▸ **TASK DIRECTIONS**: Beginning with the line where "Pol Roger Pol" appears, please restate each line of the records below word for word until the last one, inclusive, and nothing else.

AVAILABLE RECORDS Block Start

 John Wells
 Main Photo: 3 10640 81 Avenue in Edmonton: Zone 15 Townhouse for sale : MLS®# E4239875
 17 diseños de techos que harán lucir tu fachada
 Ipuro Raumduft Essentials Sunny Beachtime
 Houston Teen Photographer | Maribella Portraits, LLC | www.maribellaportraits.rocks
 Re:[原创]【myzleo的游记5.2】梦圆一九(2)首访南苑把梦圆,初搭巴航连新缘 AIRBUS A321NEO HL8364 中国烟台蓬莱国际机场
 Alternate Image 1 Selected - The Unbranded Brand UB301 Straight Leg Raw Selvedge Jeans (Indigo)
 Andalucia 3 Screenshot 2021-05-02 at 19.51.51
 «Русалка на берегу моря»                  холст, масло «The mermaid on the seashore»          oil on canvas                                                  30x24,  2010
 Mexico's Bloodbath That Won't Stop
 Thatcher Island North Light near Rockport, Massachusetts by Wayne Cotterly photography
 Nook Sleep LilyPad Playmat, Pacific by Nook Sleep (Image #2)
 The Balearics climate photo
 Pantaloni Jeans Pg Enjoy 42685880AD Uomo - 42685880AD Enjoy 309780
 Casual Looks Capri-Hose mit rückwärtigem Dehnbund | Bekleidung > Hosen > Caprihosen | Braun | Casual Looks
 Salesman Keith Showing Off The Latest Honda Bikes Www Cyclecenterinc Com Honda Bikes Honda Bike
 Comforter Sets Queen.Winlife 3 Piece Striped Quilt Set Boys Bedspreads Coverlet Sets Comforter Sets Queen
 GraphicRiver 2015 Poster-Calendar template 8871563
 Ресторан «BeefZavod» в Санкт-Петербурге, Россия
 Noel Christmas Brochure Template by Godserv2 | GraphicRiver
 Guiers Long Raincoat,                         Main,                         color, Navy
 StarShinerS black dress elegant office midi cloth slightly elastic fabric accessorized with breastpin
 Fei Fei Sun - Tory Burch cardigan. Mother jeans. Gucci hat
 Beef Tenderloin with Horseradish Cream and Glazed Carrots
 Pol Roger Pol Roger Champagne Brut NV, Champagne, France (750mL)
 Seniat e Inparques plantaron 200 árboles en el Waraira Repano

AVAILABLE RECORDS Block End

▸ **ANSWER TO THIS PROBLEM**:
 Pol Roger Pol Roger Champagne Brut NV, Champagne, France (750mL)
 Seniat e Inparques plantaron 200 árboles en el Waraira Repano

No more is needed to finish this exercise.